EXERCISE DIRECTIONS: Any picture in the data below should be skipped, while every line is repeated exactly.

INFORMATION PROVIDED:
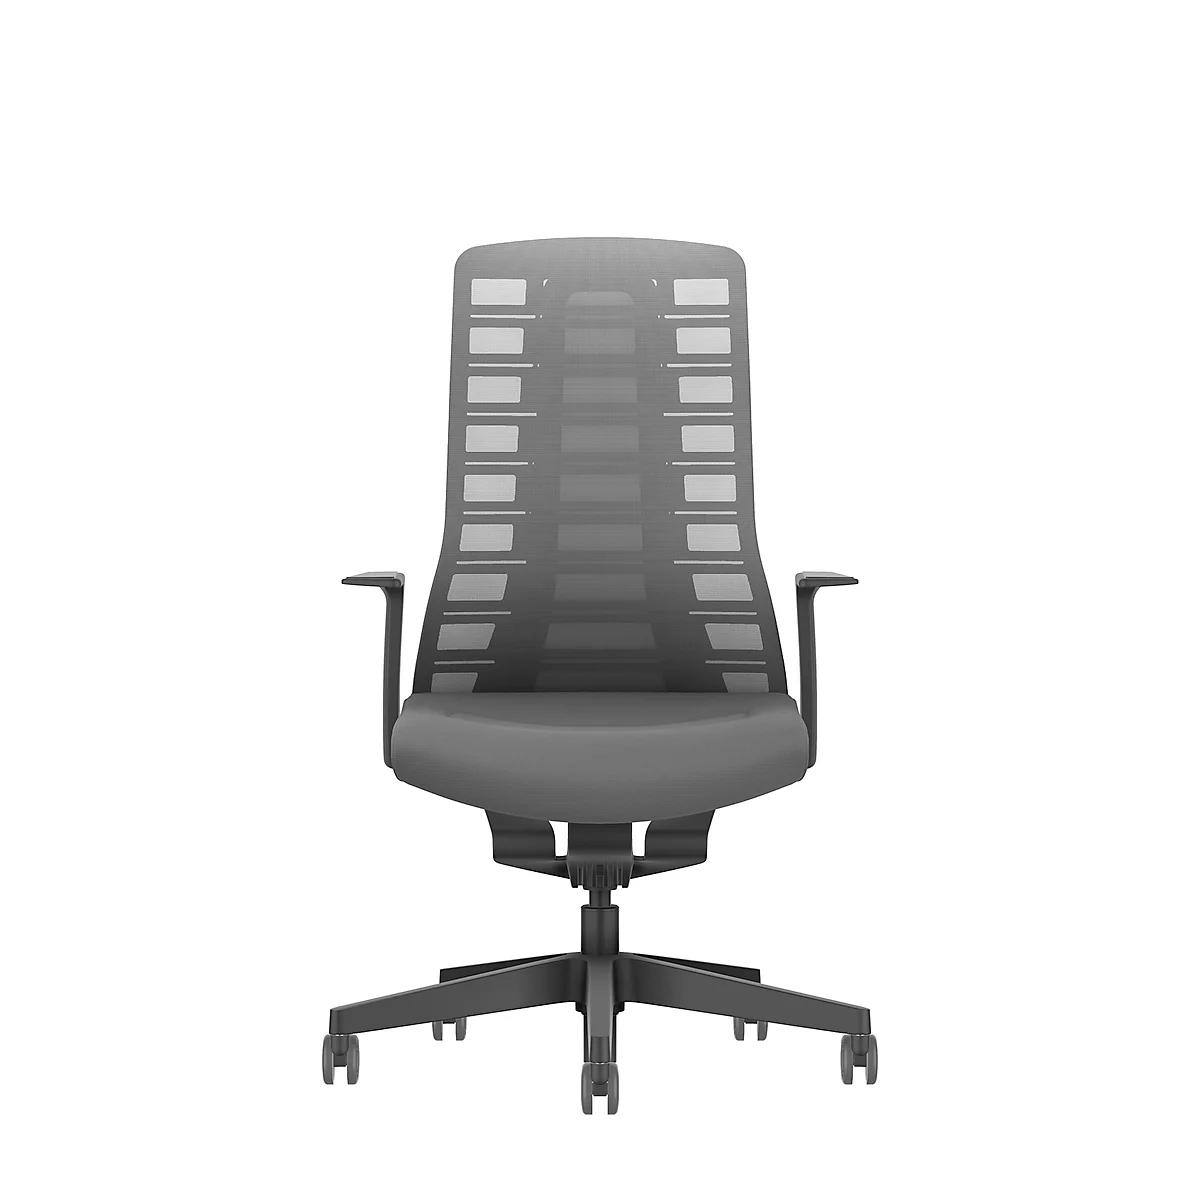 Interstuhl bureaustoel PUREis3, vaste armleuningen, 3D auto-synchroonmechanisme, kuipzitting, gazen rugleuning, ijzergrijs/zwart
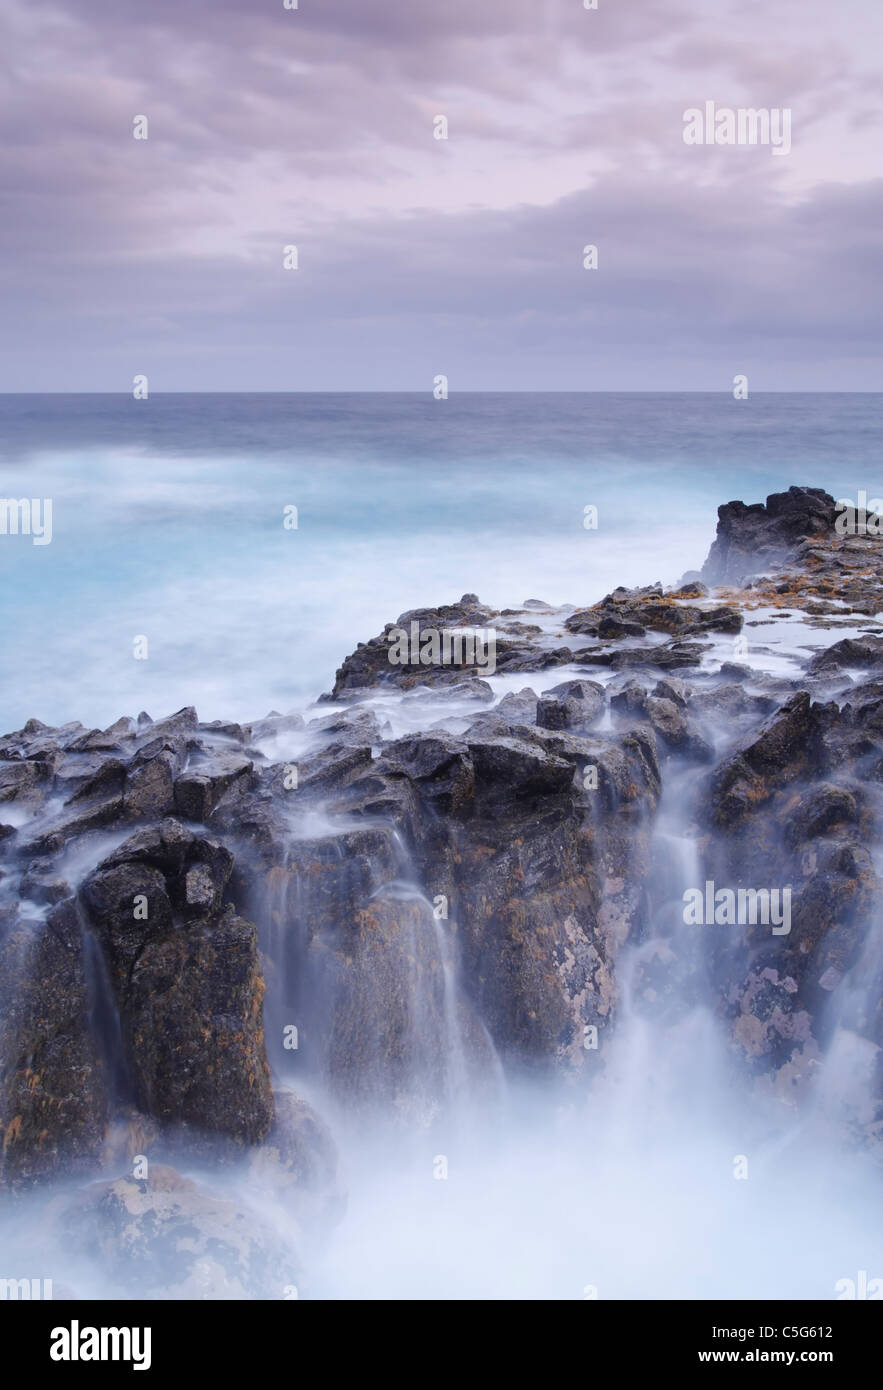 Olas rompiendo sobre las rocas en la costa norte de Gran Canaria Foto de stock
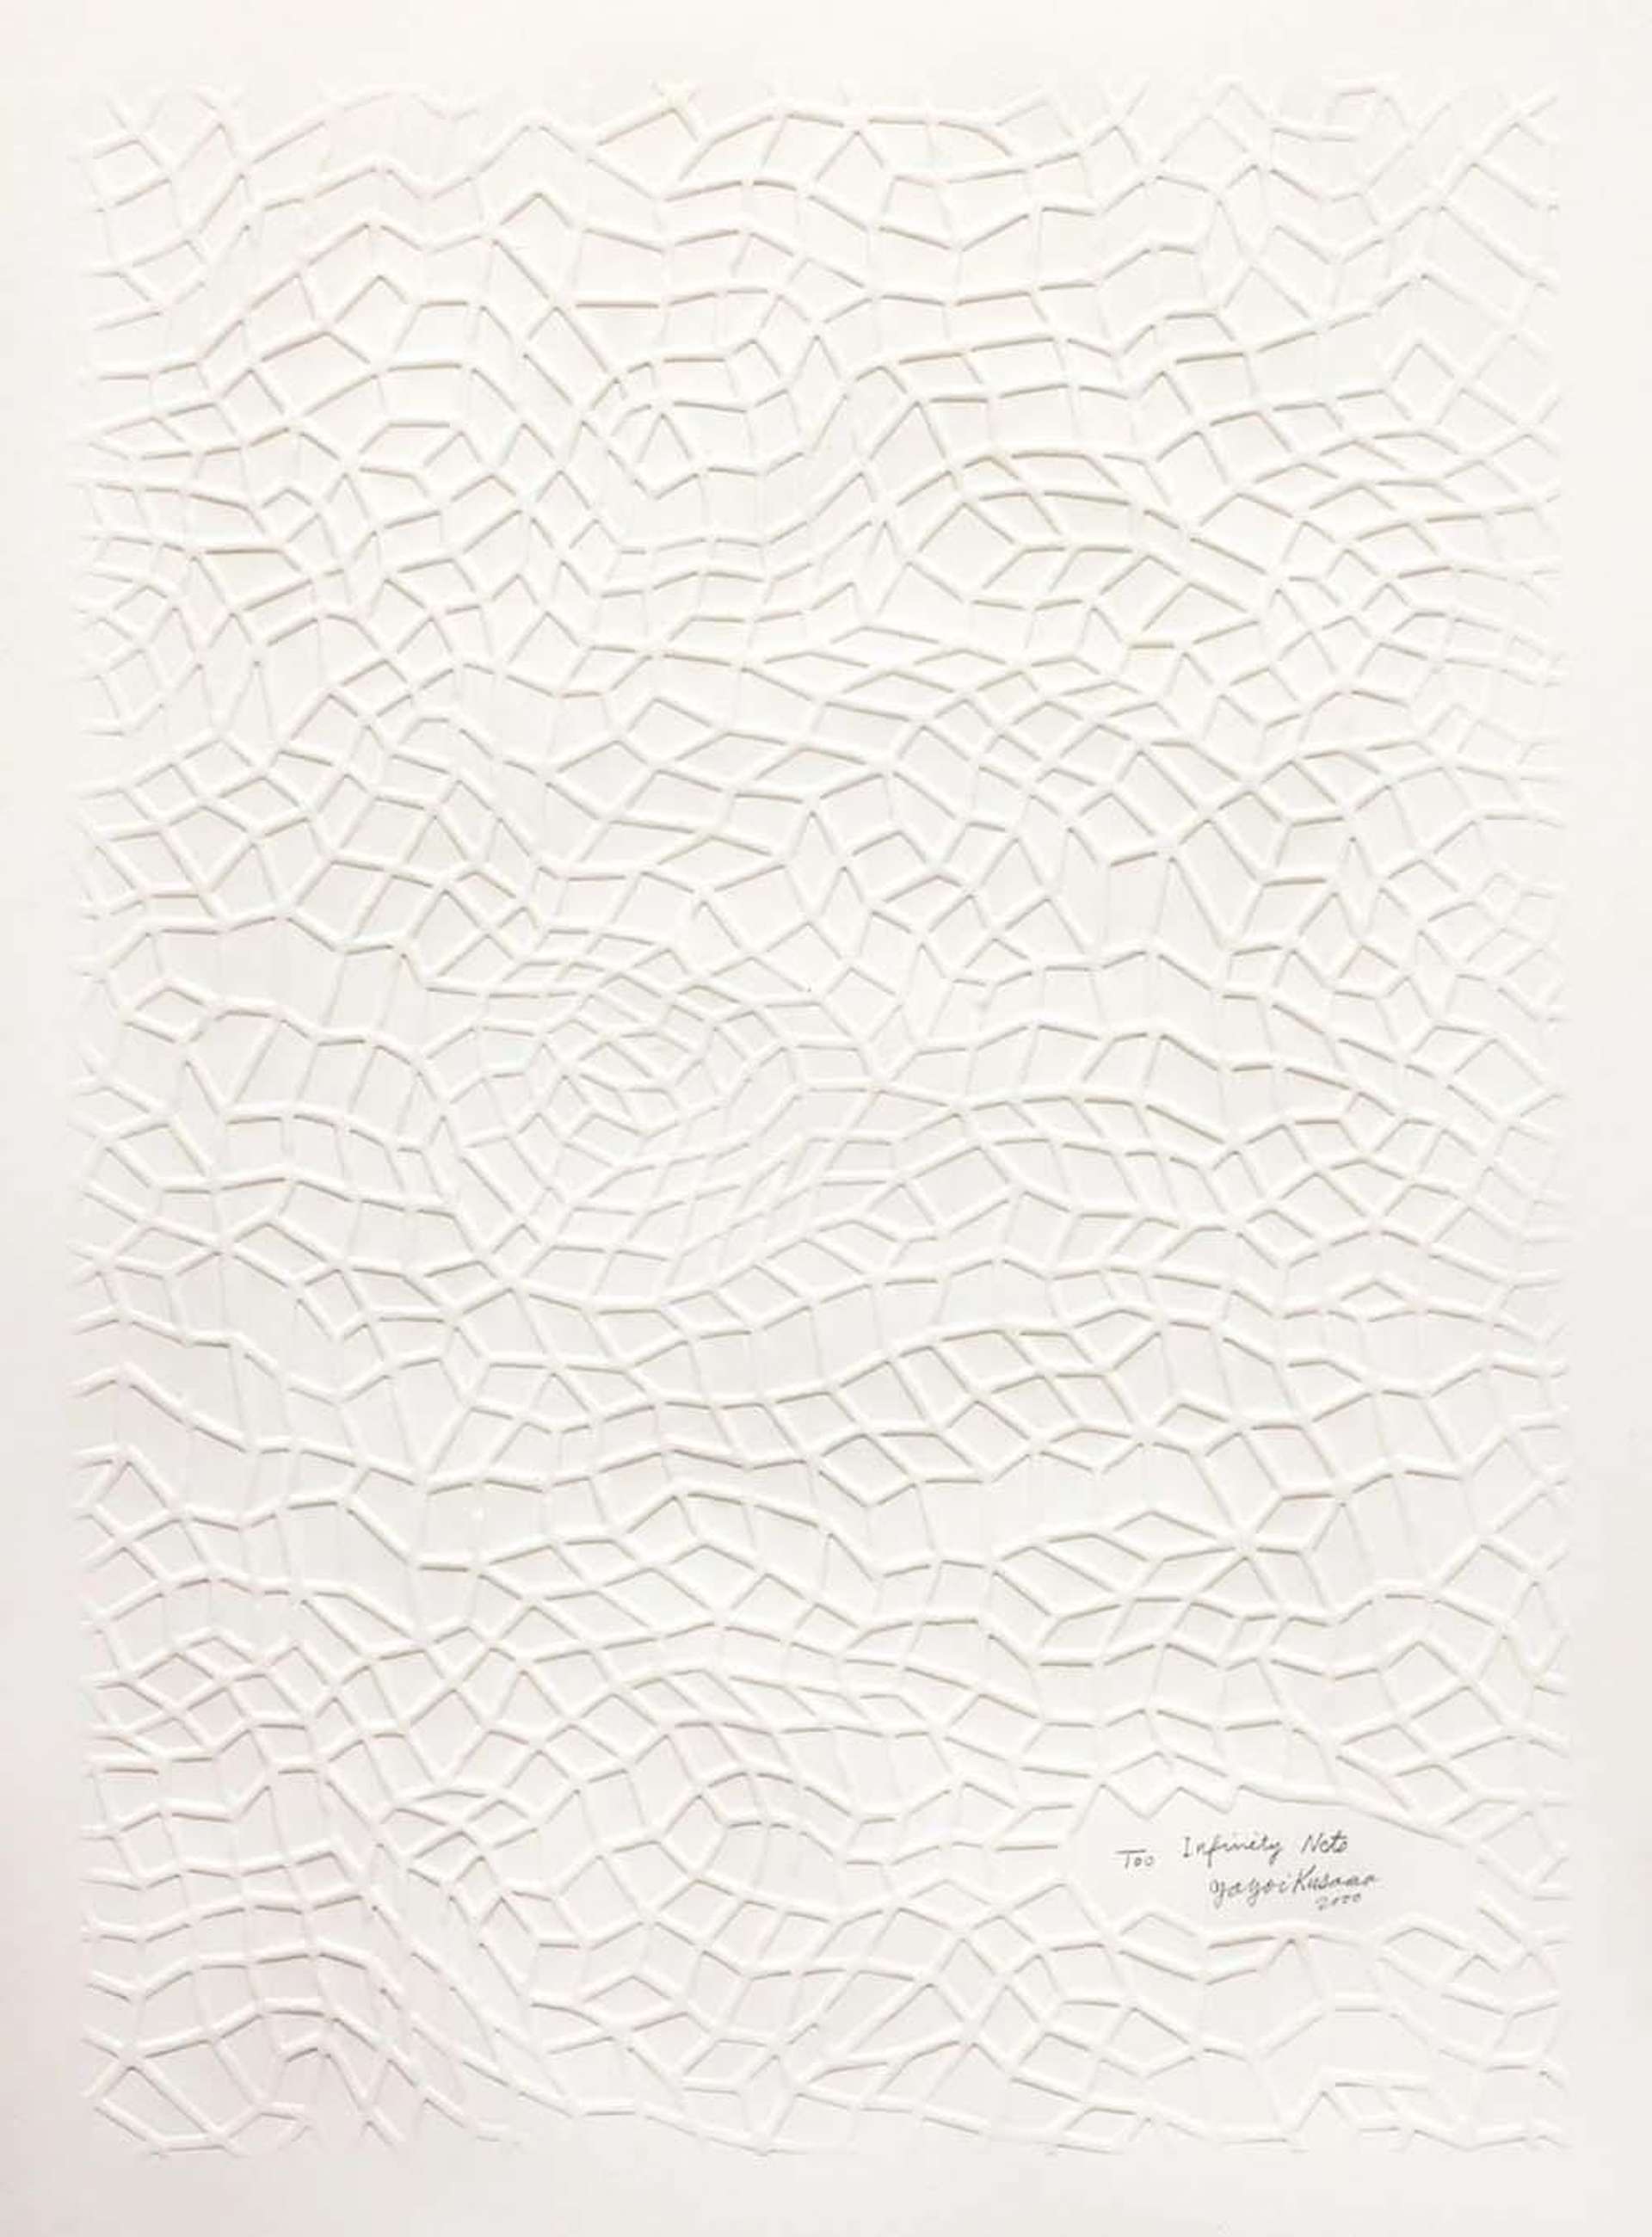 Yayomi Kusama's Infinity Nets, Kusama 297. A screenprint of a white geometric pattern over a white background

EXERCISE ANSWER:
 Interstuhl bureaustoel PUREis3, vaste armleuningen, 3D auto-synchroonmechanisme, kuipzitting, gazen rugleuning, ijzergrijs/zwart
 Olas rompiendo sobre las rocas en la costa norte de Gran Canaria Foto de stock
 Yayomi Kusama's Infinity Nets, Kusama 297. A screenprint of a white geometric pattern over a white background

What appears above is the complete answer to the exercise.